§ WORK TO COMPLETE:
Repeat the listing exactly, line by line, and leave the pictures behind.

§ DATA SEGMENT:
BEGIN

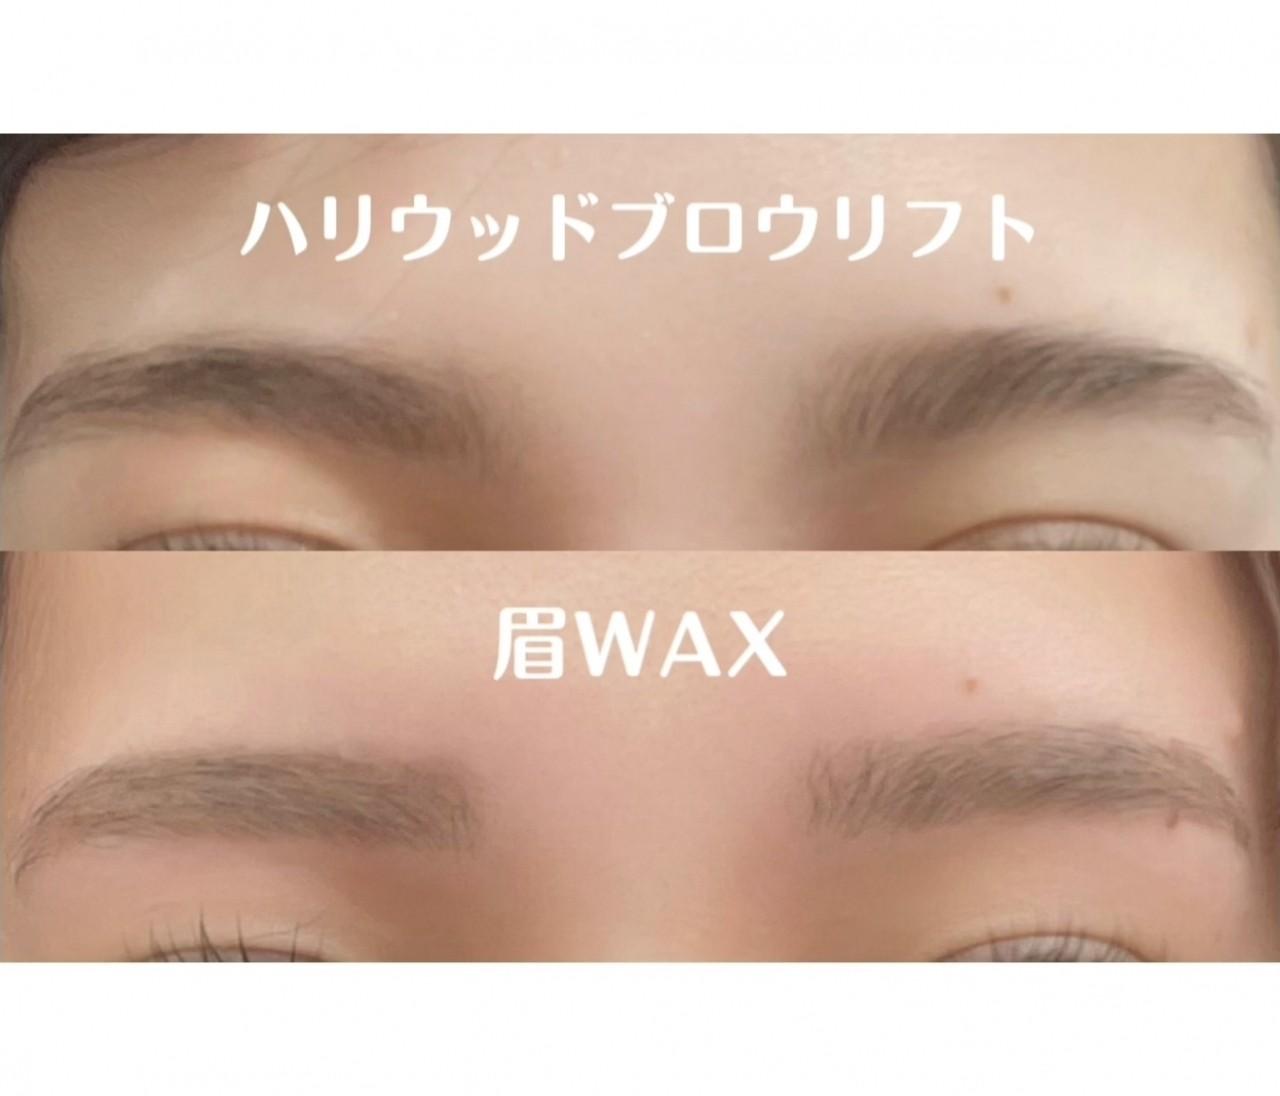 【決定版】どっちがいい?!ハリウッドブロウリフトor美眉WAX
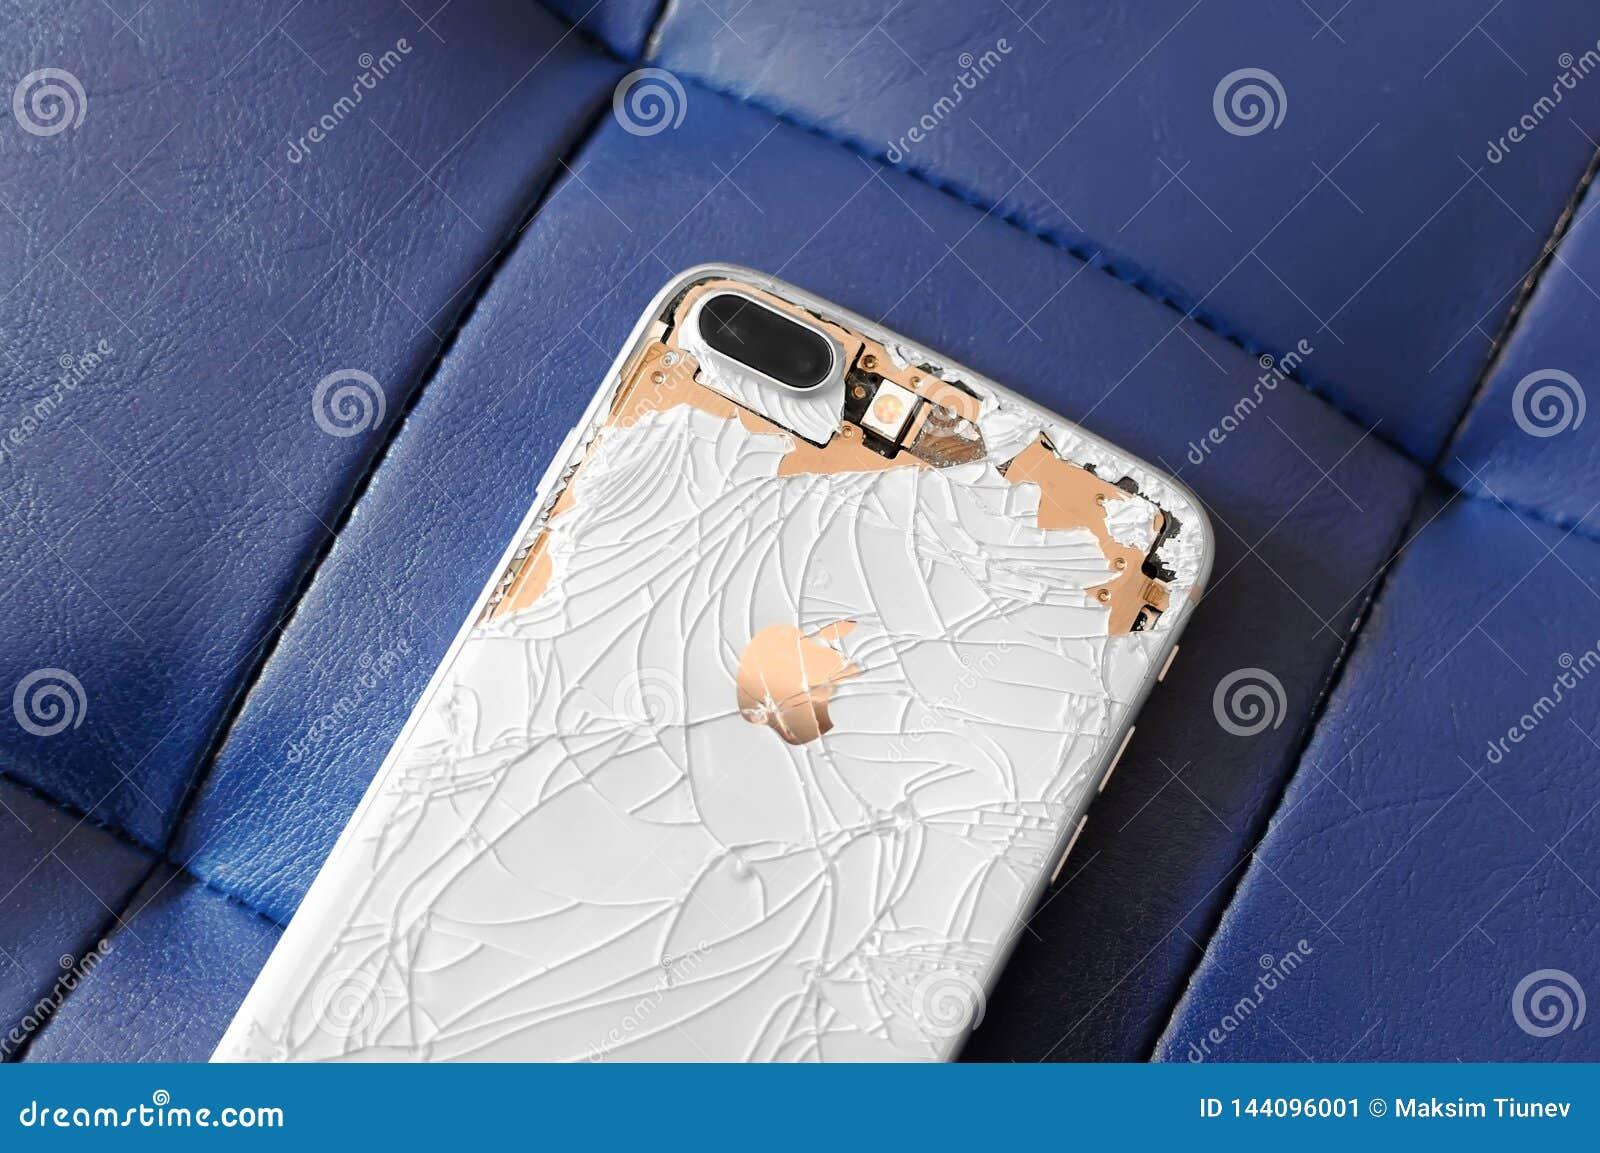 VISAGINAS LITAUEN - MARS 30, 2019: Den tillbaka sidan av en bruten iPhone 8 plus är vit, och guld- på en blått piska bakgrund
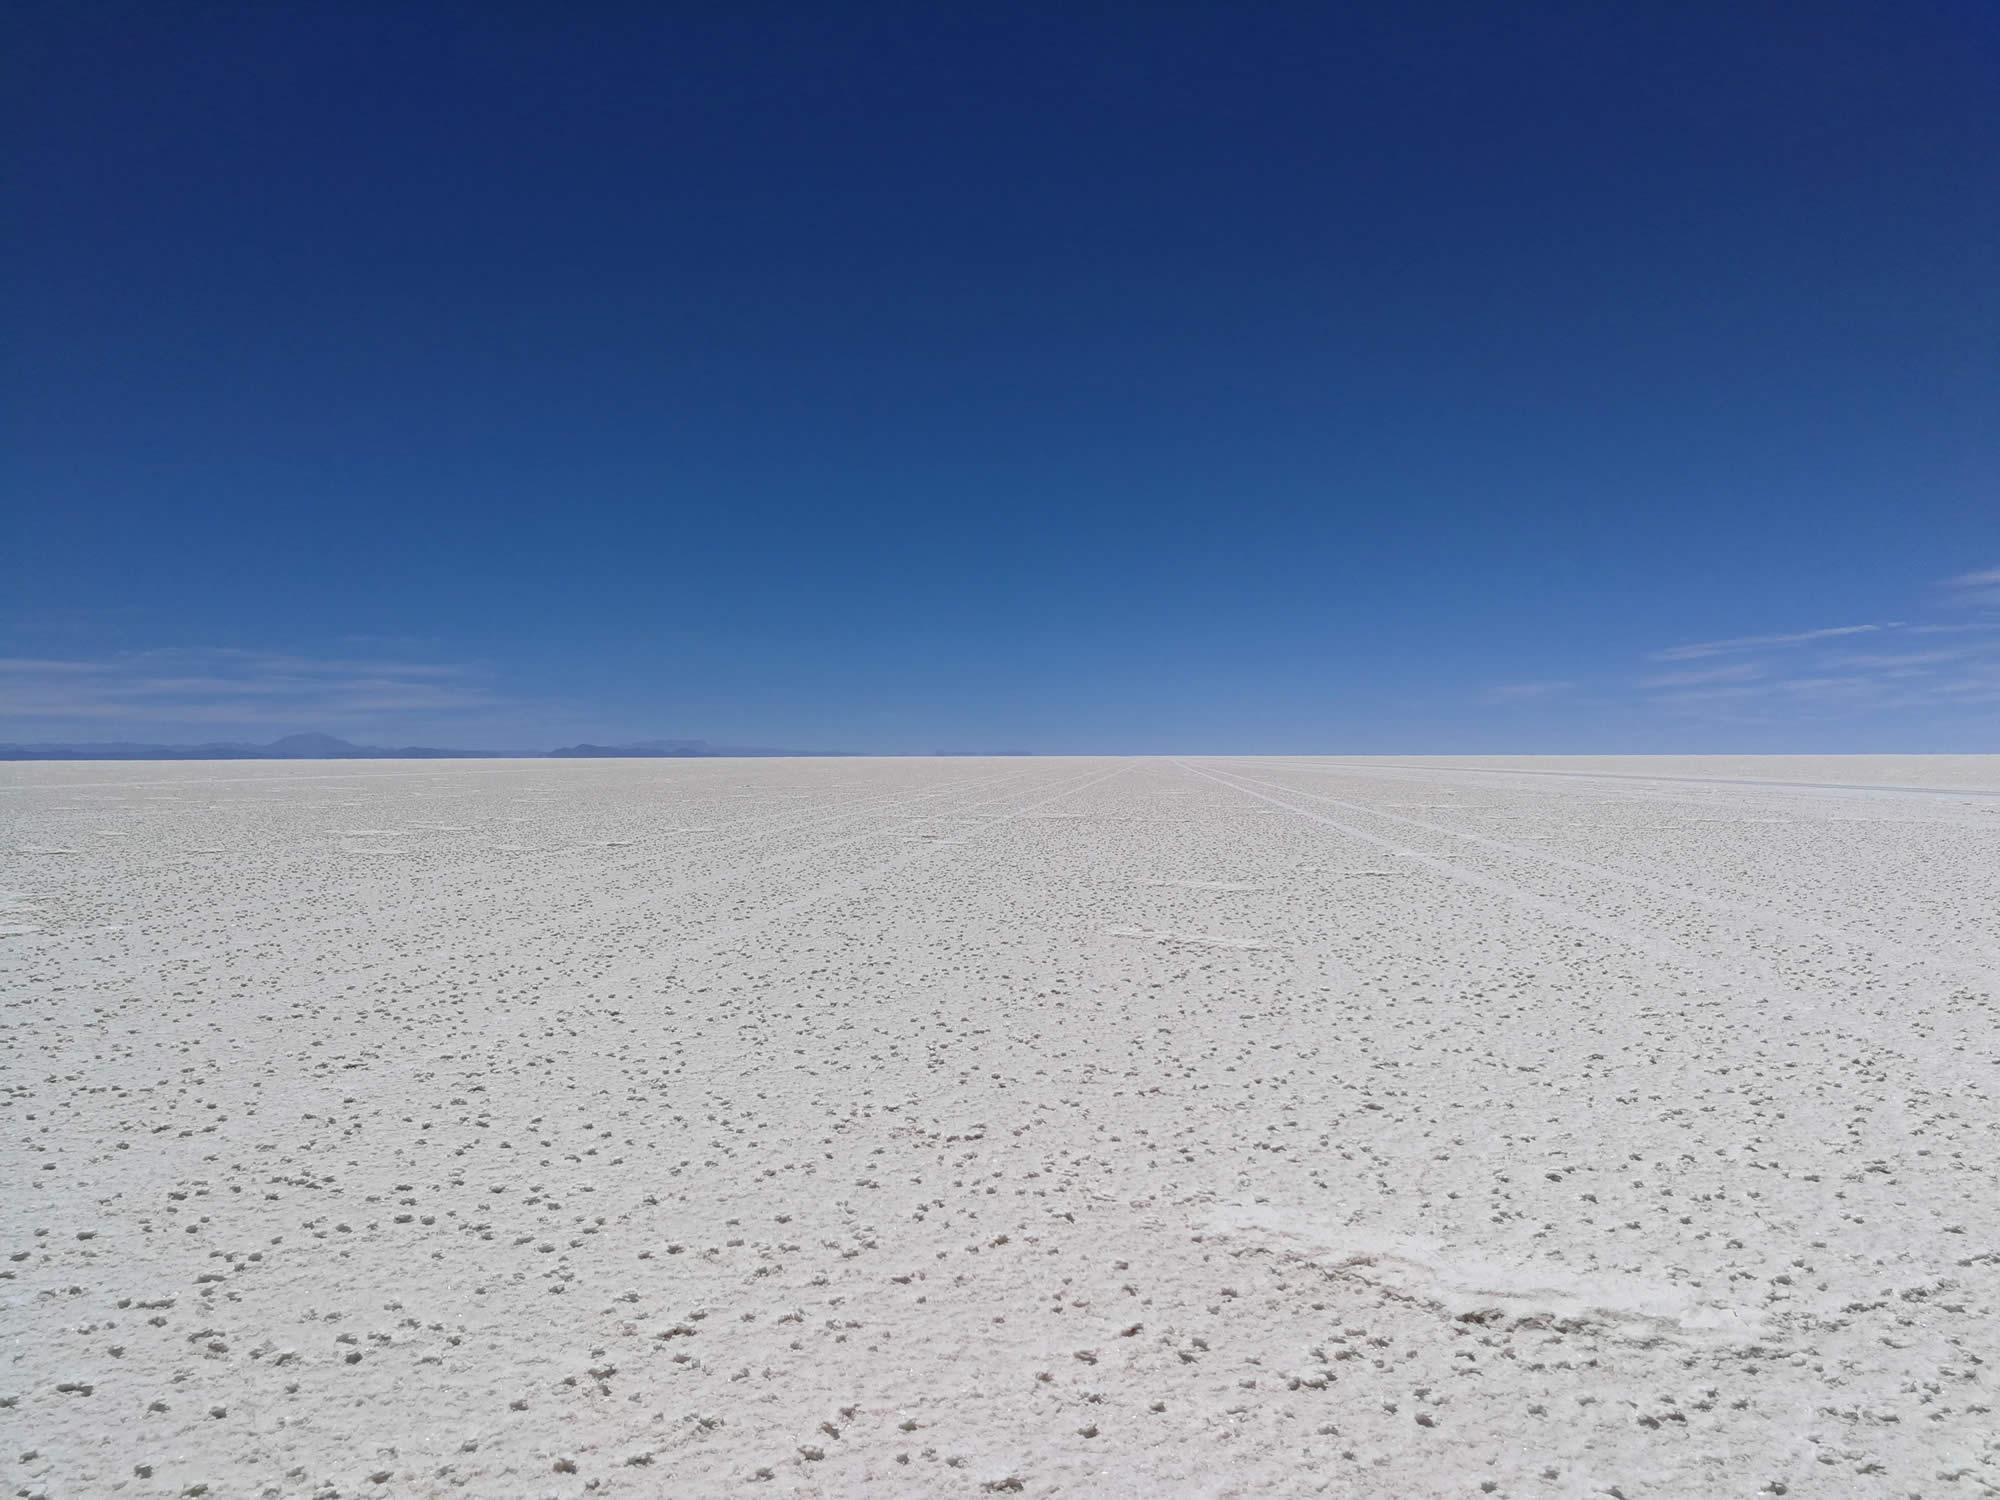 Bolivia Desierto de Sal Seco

END

§ REPLY:
 【決定版】どっちがいい?!ハリウッドブロウリフトor美眉WAX
 VISAGINAS LITAUEN - MARS 30, 2019: Den tillbaka sidan av en bruten iPhone 8 plus är vit, och guld- på en blått piska bakgrund
 Bolivia Desierto de Sal Seco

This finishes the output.